= Task brief =
The reply should hold every line of the data below, unchanged, and none of the pictures.

= Data provided =
===============

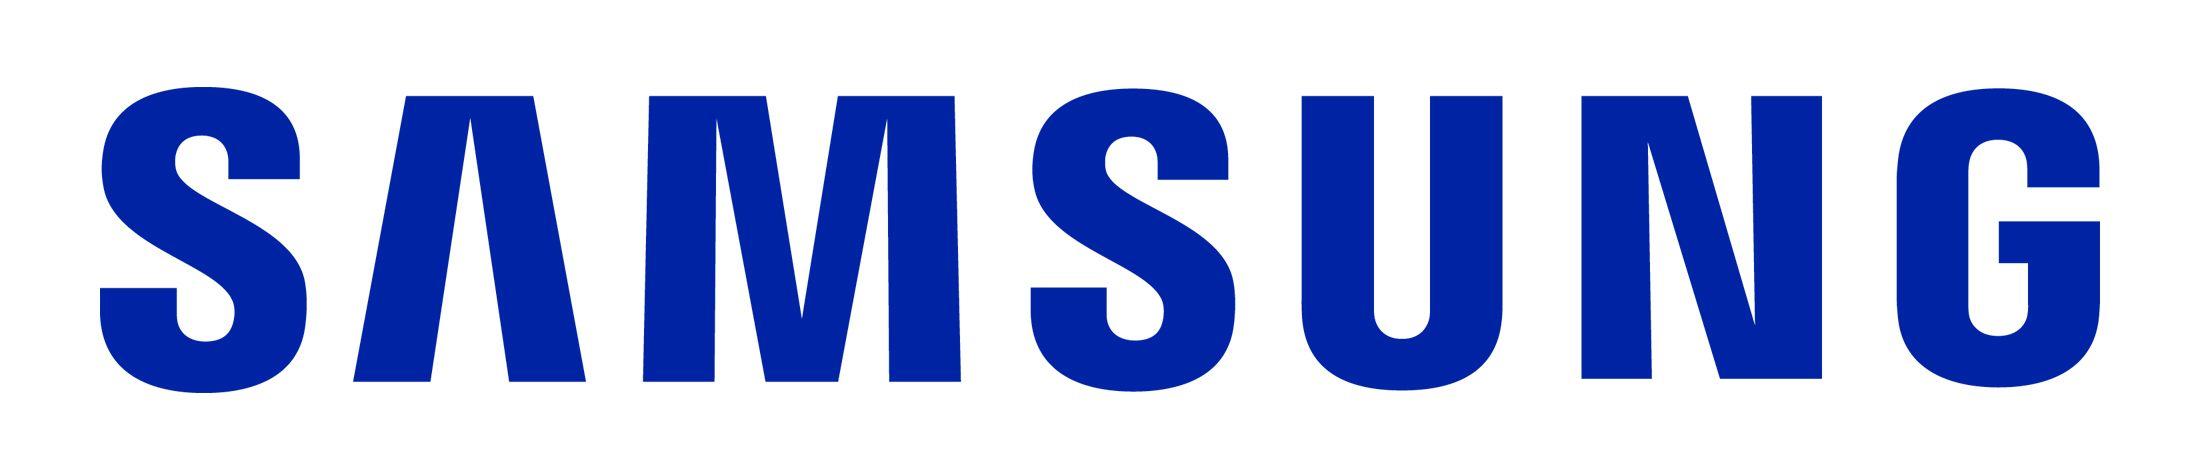 Small Samsung Logo - ADDING MULTIMEDIA Samsung Gear S3 Smartwatch Blends Distinctive ...
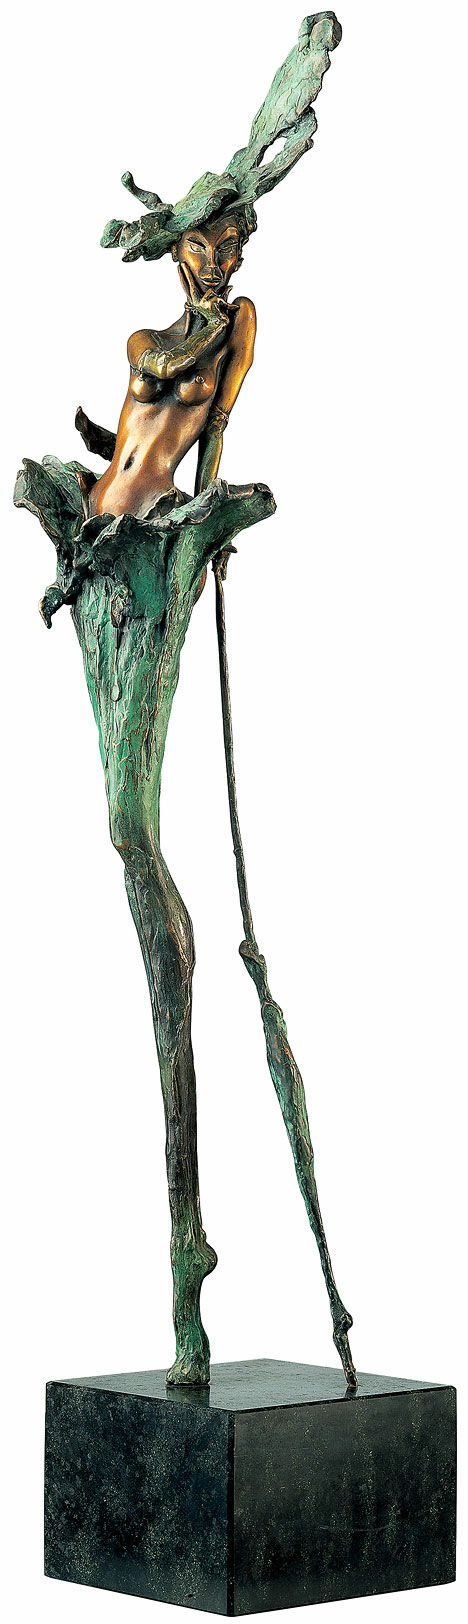 Sculpture "When the lady smiles" (1995), bronze by Marc van Megen
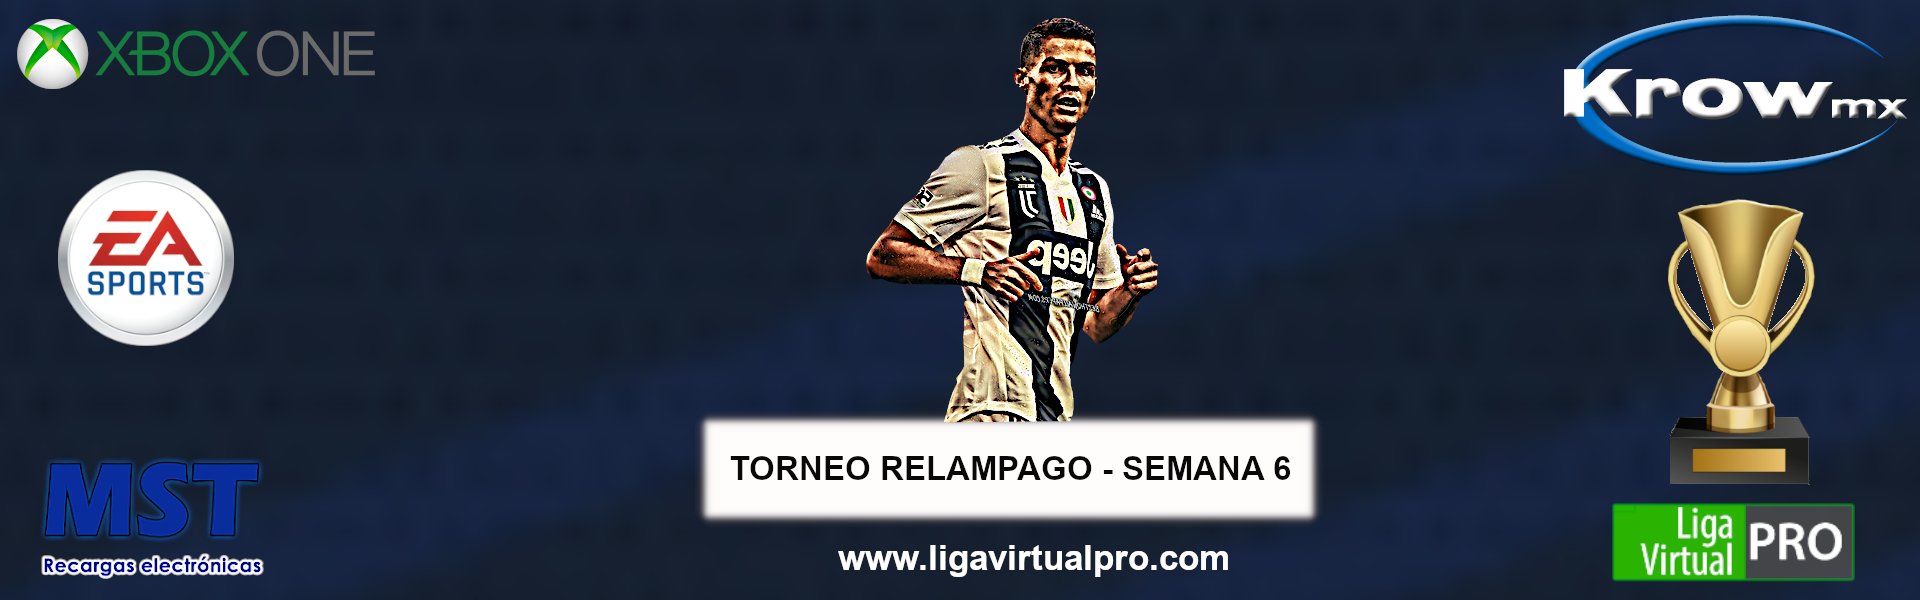 Logo-TORNEO RELAMPAGO - SEMANA 6

===============

= Output =
 Small Samsung Logo - ADDING MULTIMEDIA Samsung Gear S3 Smartwatch Blends Distinctive ...
 Sculpture "When the lady smiles" (1995), bronze by Marc van Megen
 Logo-TORNEO RELAMPAGO - SEMANA 6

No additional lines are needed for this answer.